For research, I’m looking for a few book recommendations.
1) I am shamefully ignorant of all things African mythology/folklore (except, stereotypically, Egypt). I want to fix this. I’m interested more in fleshed out retellings than dry notes about details. Something like what this book did for Norse Mythology, where you get a nice prose retelling with academic/anthropological notes about context, culture etc., in footnotes and the appendix, would be great. Honestly, I won’t care about the academic details until after I care about the story, and most of what I’m finding on my own does a general, “In Western Africa you get myths about these characters who do these things. In Central Africa, it’s similar, except more root vegetables.” Nobody actually tells stories this way – some anthropologist committed murder in collecting those summaries. A fabricated retelling (with good research and notes) is much, much more desirable than re-polished notes collected by a dead white guy.

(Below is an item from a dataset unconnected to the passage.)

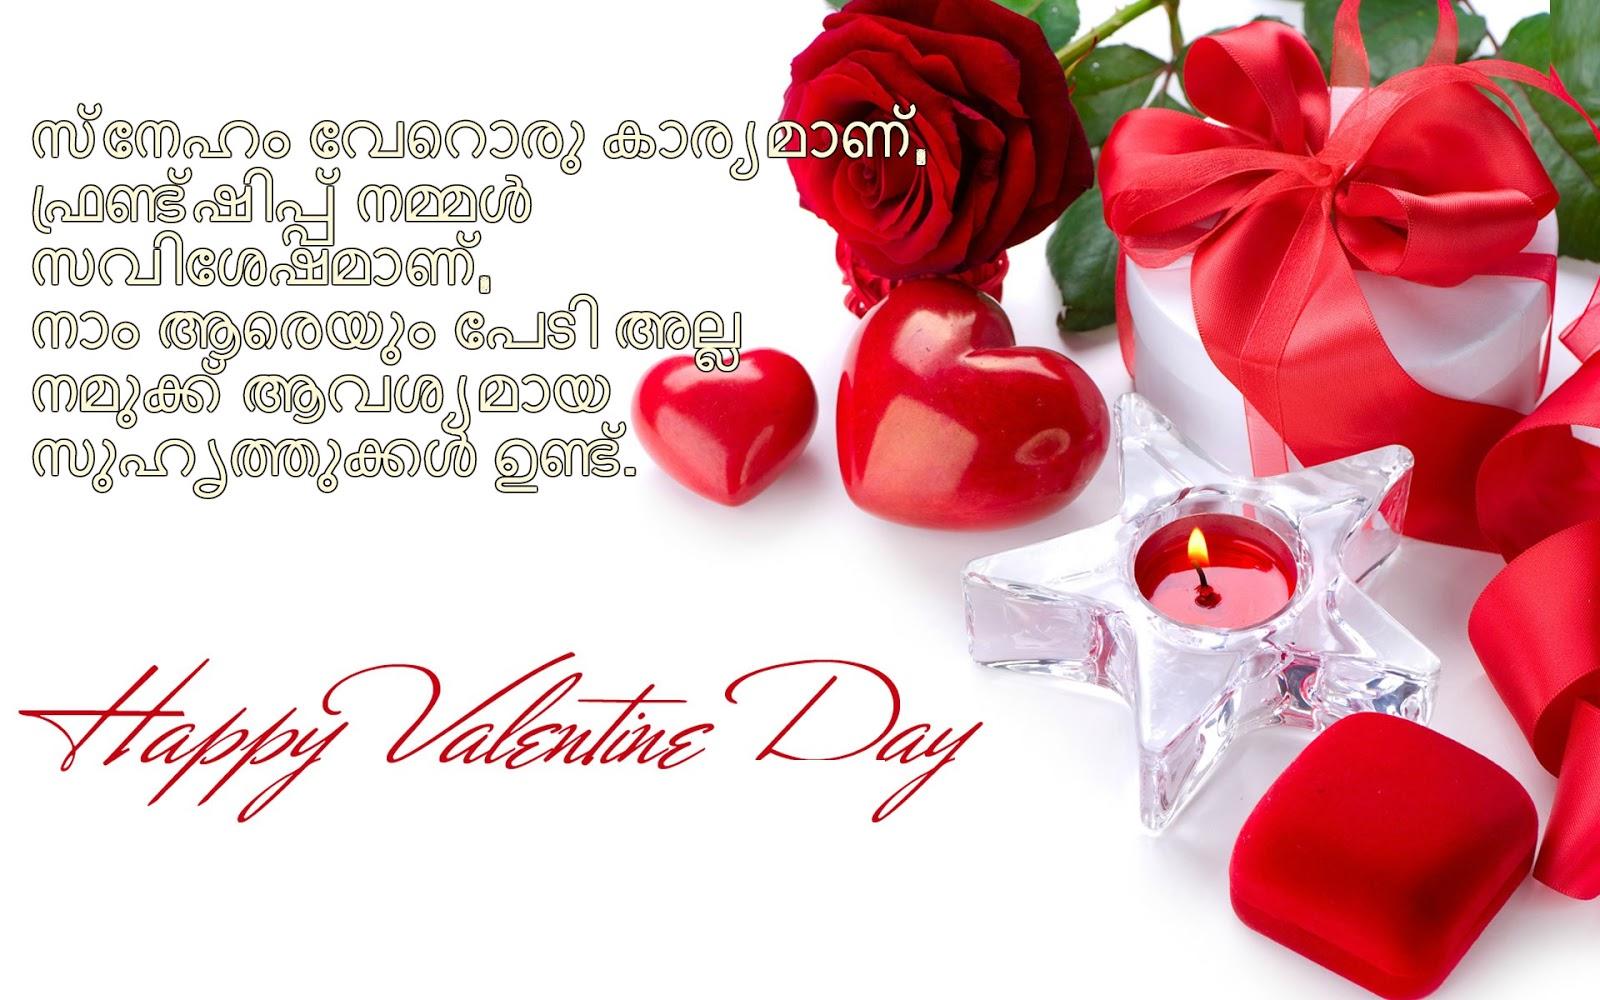 بالصور صور لعيد الحب , اجمل صور عيد الحب 4946 3

2) Has anybody run across a book that rendered either telepathy or computers talking to each other across a network, while verbal communication is happening in the same scene, particularly well? I am failing to create a satisfactory technique for this on my own and would like very much some sources for theft. I want something more than weird punctuation – I’m looking for somebody who captured how the non-verbal, non-written communication would actually work.
3) It’s been a while since I’ve had my mind blown. I’m starting to feel jaded. Anybody got anything mind-blowing to recommend? I read all fiction, so do not feel constrained by genre.